Index: gcc/config/nvptx/nvptx.c
===================================================================
--- gcc/config/nvptx/nvptx.c (revision 239084)
+++ gcc/config/nvptx/nvptx.c (working copy)
@@ -999,11 +999,14 @@ nvptx_declare_function_name (FILE *file,
init_frame (file, STACK_POINTER_REGNUM,
UNITS_PER_WORD, crtl->outgoing_args_size);
- /* Declare a local variable for the frame. */
+ /* Declare a local variable for the frame.

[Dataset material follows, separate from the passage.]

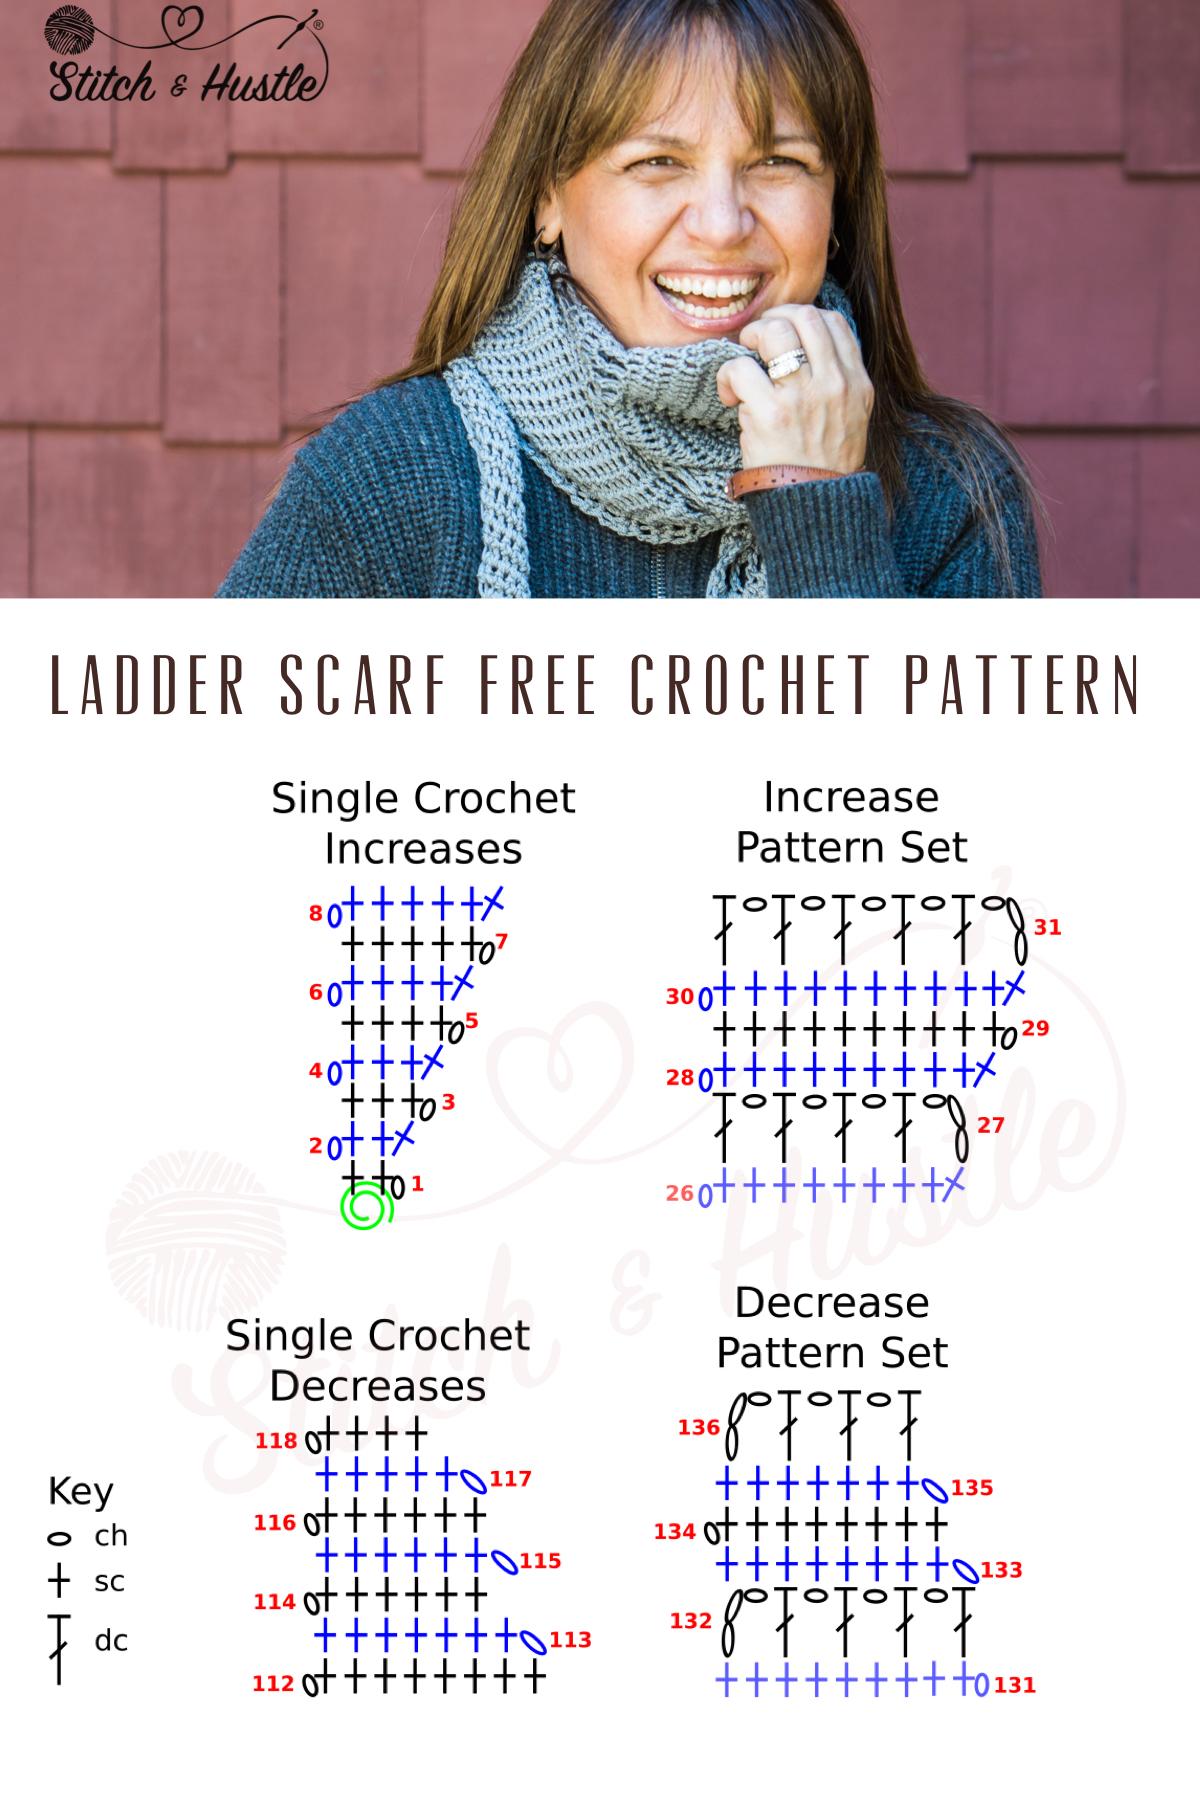 crochet_ladder_scarf_free_pattern_12.jpg

Force its size to be
+ DImode-compatible. */
HOST_WIDE_INT sz = get_frame_size ();
if (sz || cfun->machine->has_chain)
init_frame (file, FRAME_POINTER_REGNUM,
- crtl->stack_alignment_needed / BITS_PER_UNIT, sz);
+ crtl->stack_alignment_needed / BITS_PER_UNIT,
+ (sz + GET_MODE_SIZE (DImode) - 1)
+ & ~(HOST_WIDE_INT)(GET_MODE_SIZE (DImode) - 1));
/* Declare the pseudos we have as ptx registers. */
int maxregs = max_reg_num ();
@@ -3222,8 +3225,9 @@ nvptx_propagate (basic_block block, rtx_
rtx pred = NULL_RTX;
rtx_code_label *label = NULL;
- gcc_assert (!(fs & (GET_MODE_SIZE (DImode) - 1)));
- fs /= GET_MODE_SIZE (DImode);
+ /* The frame size might not be DImode compatible, but the frame
+ array's declaration will be. So it's ok to round up here. */
+ fs = (fs + GET_MODE_SIZE (DImode) - 1) / GET_MODE_SIZE (DImode);
/* Detect single iteration loop. */
if (fs == 1)
fs = 0;
Index: libgomp/testsuite/libgomp.oacc-c-c++-common/crash-1.c
===================================================================
--- libgomp/testsuite/libgomp.oacc-c-c++-common/crash-1.c (nonexistent)
+++ libgomp/testsuite/libgomp.oacc-c-c++-common/crash-1.c (working copy)
@@ -0,0 +1,28 @@
+/* { dg-do compile } */
+/* { dg-options "-O0" } */
+
+/* ICEd in nvptx backend due to unexpected frame size. */
+#pragma acc routine worker
+void
+worker_matmul (int *c, int i)
+{
+ int j;
+
+#pragma acc loop
+ for (j = 0; j < 4; j++)
+ c[j] = j;
+}
+
+
+int
+main ()
+{
+ int c[4];
+
+#pragma acc parallel
+ {
+ worker_matmul (c, 0);
+ }
+
+ return 0;
+}